=== Begin Enclosure ===

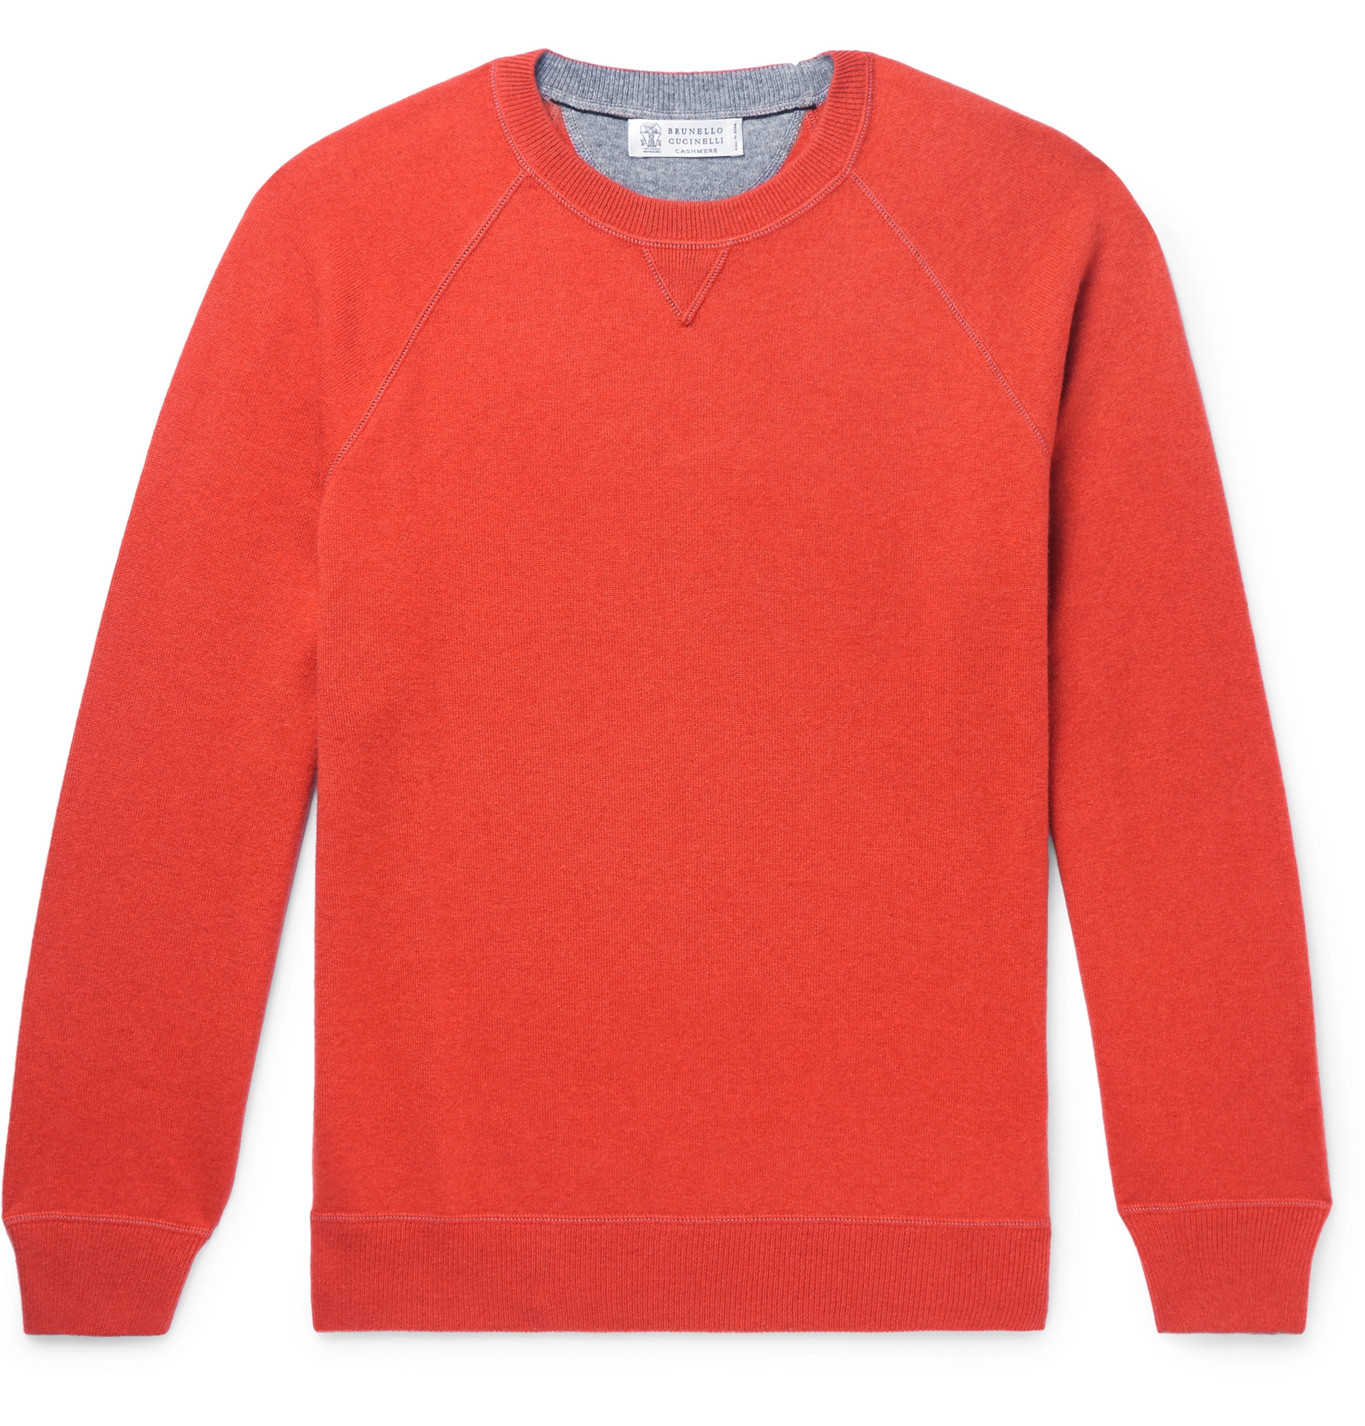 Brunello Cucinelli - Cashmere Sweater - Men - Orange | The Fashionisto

=== End Enclosure ===
=== Begin Enclosure ===

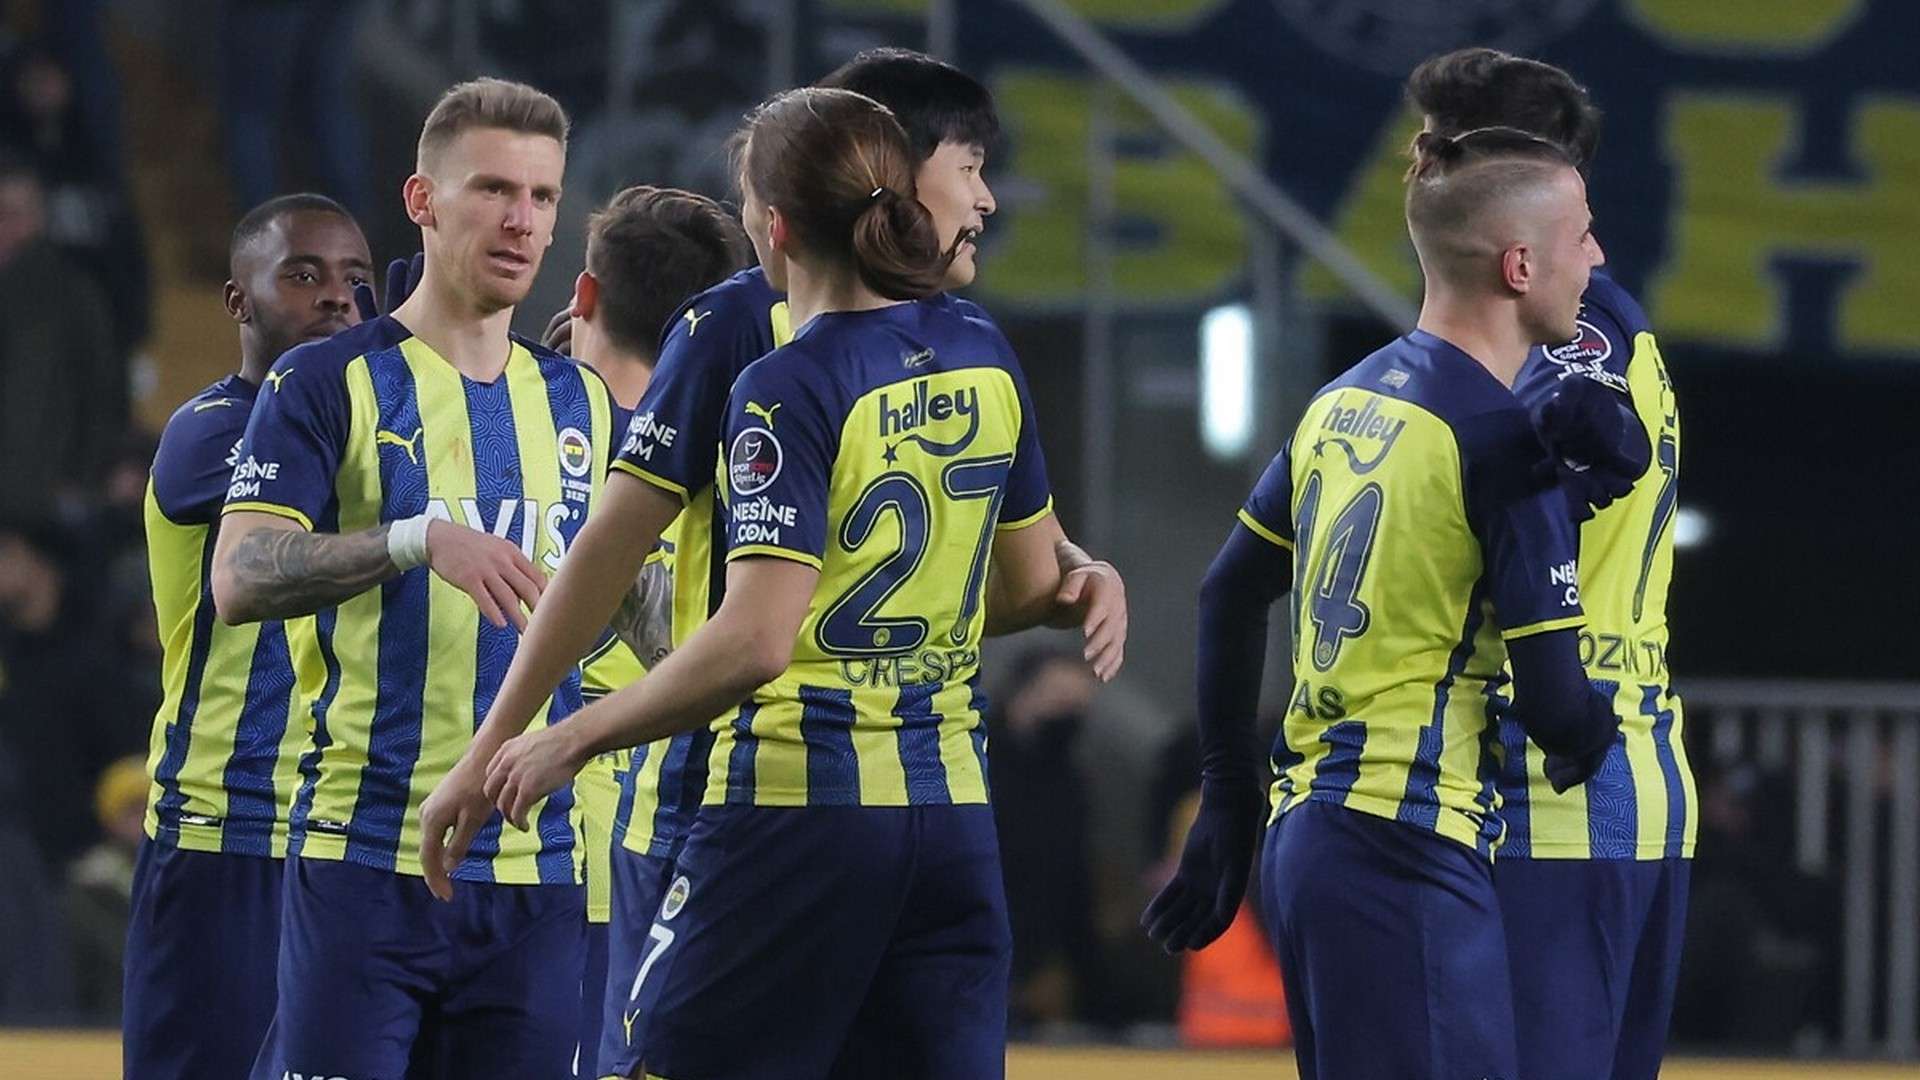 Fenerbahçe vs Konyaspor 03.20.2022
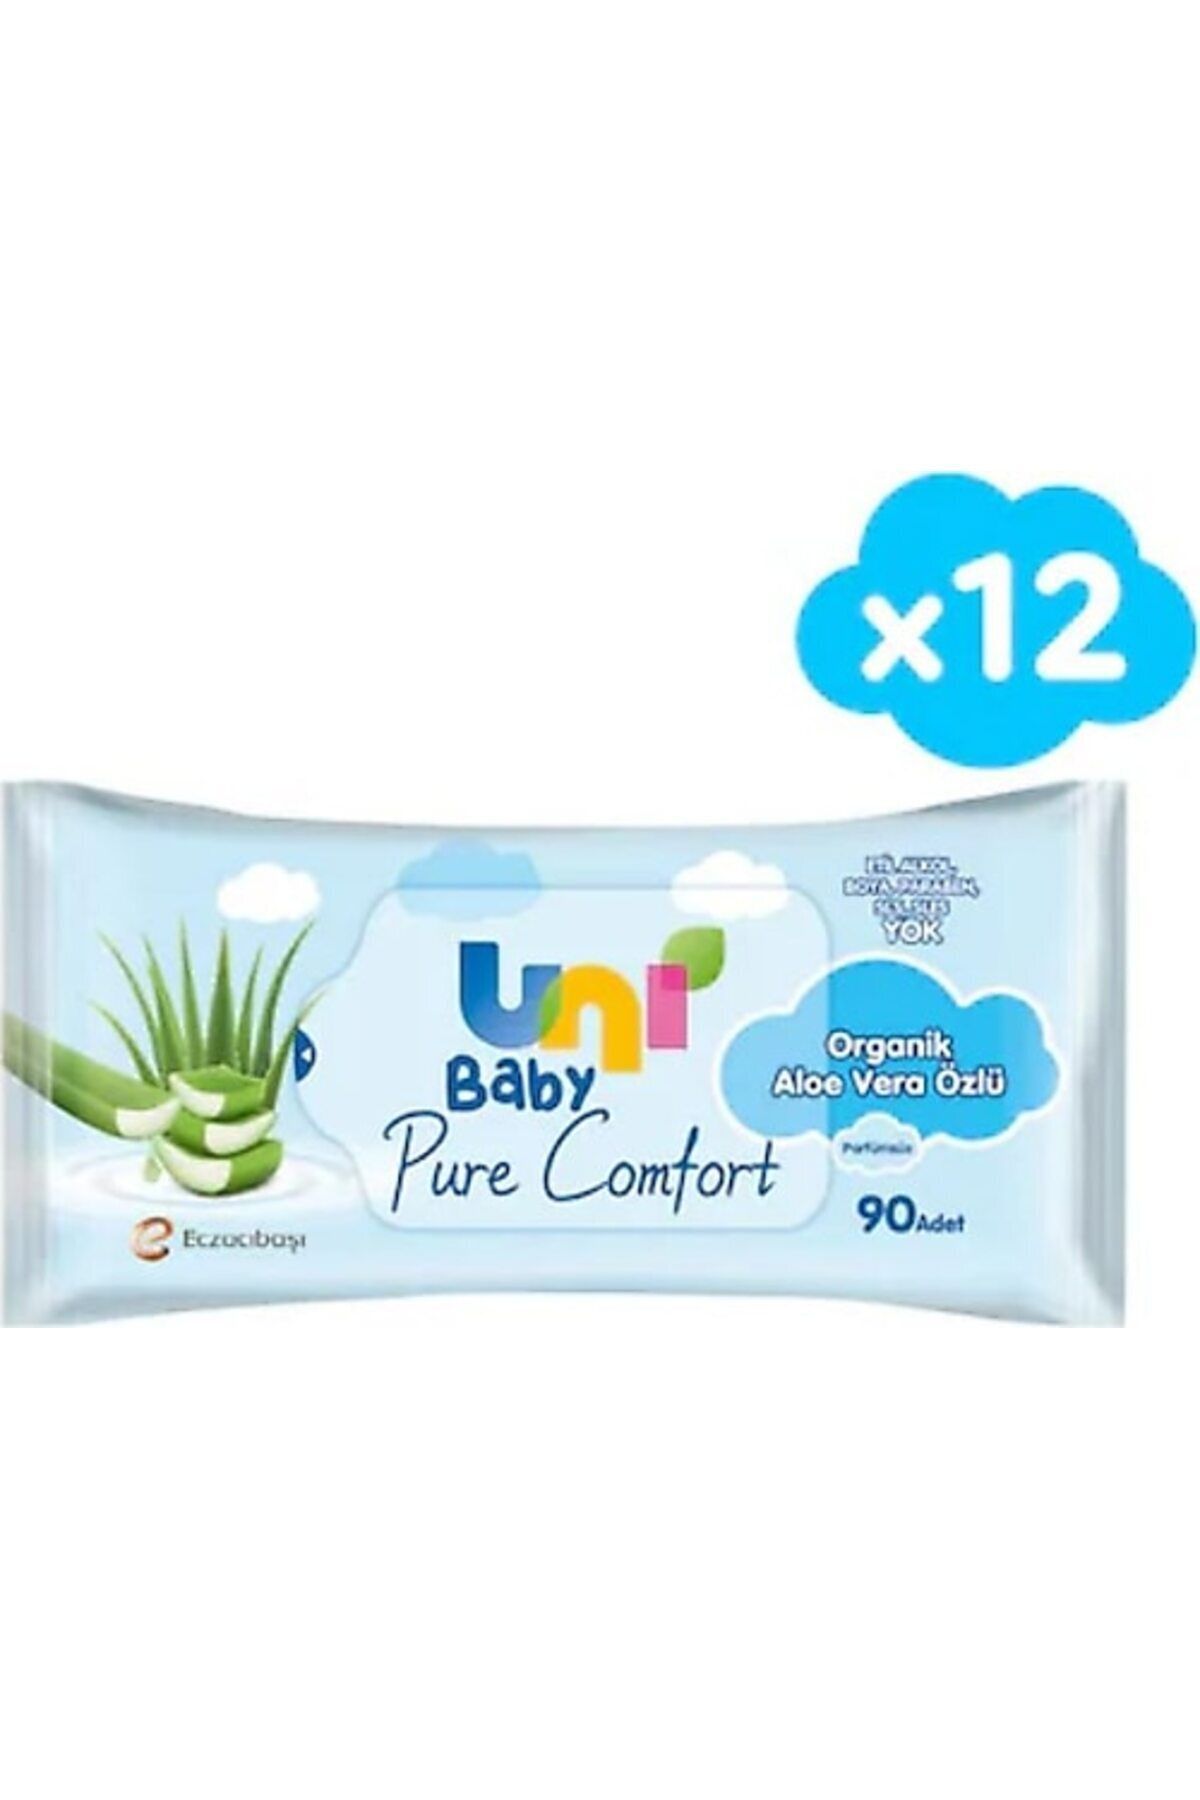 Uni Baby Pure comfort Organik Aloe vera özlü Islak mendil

=== End Enclosure ===
=== Begin Enclosure ===

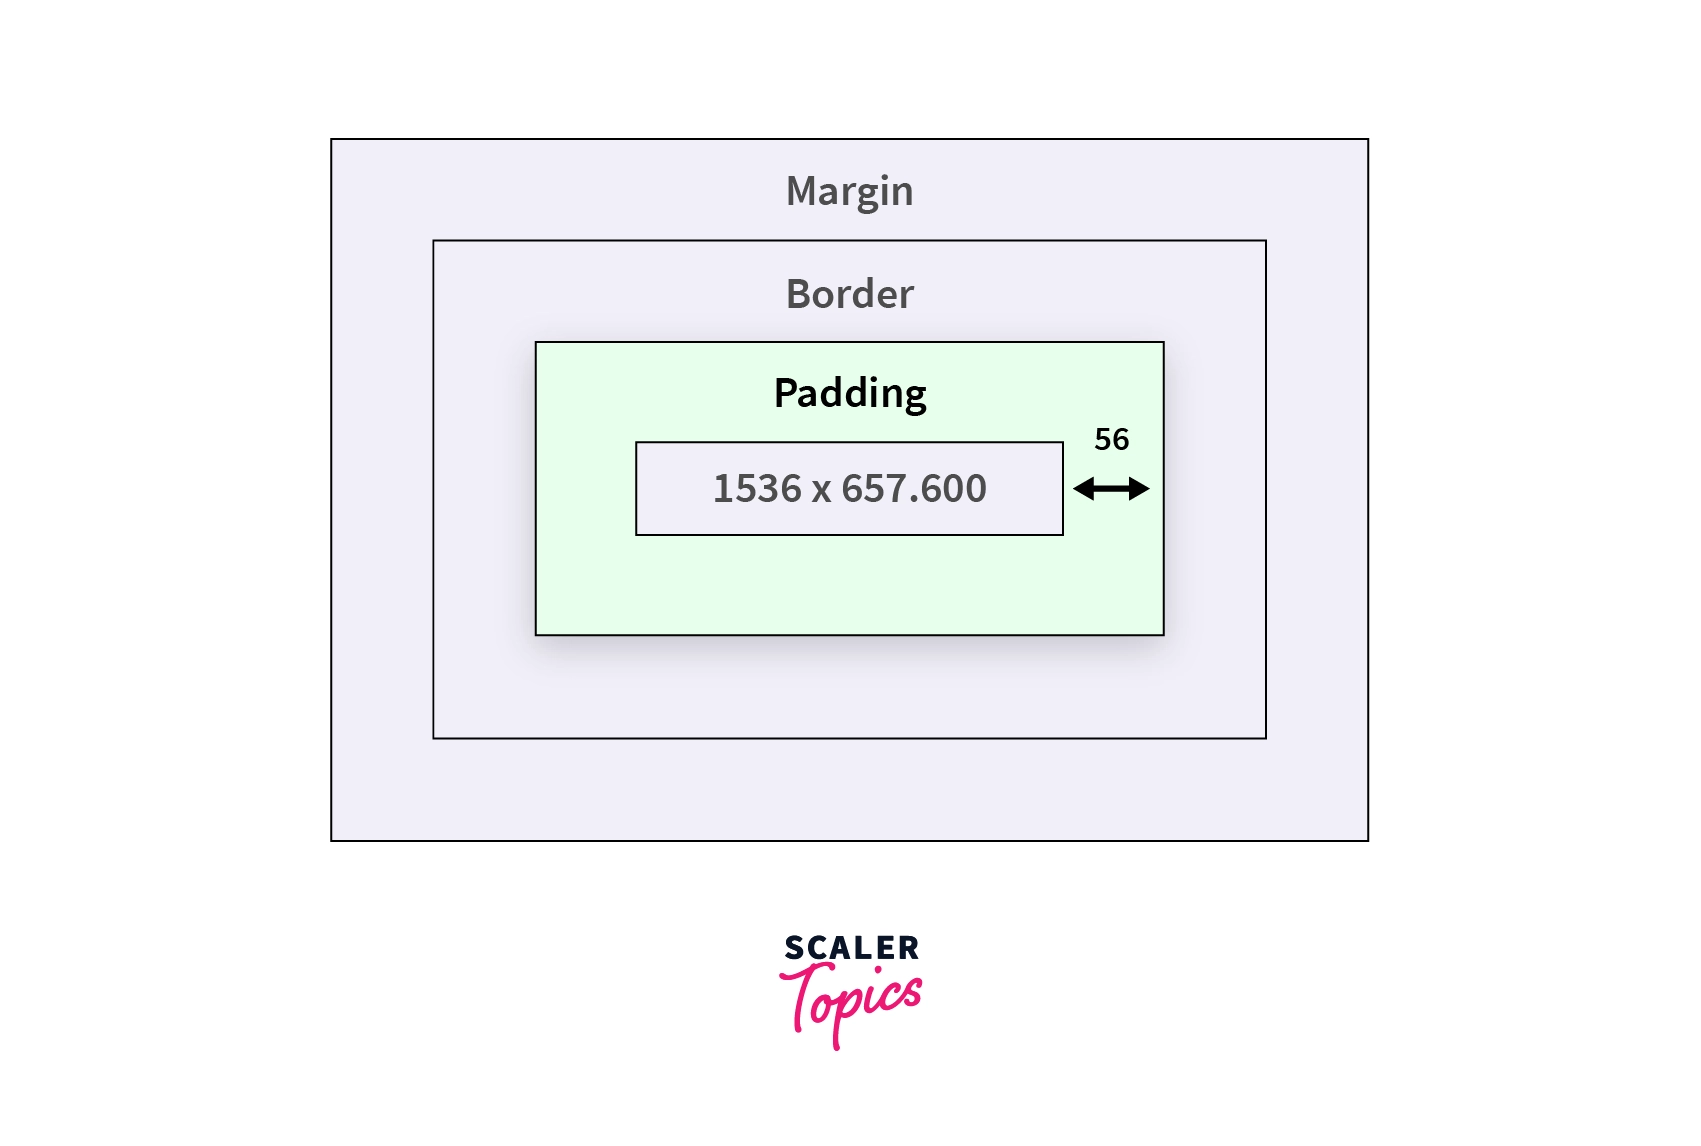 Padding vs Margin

=== End Enclosure ===

# REQUIRED WORK:
When you reach the line that has "Fenerbahçe vs Konyaspor 03.20.2022" in the data above, start repeating lines exactly, and stop after the line that has "Uni Baby Pure"; pictures stay out.

# REPLY:
 Fenerbahçe vs Konyaspor 03.20.2022
 Uni Baby Pure comfort Organik Aloe vera özlü Islak mendil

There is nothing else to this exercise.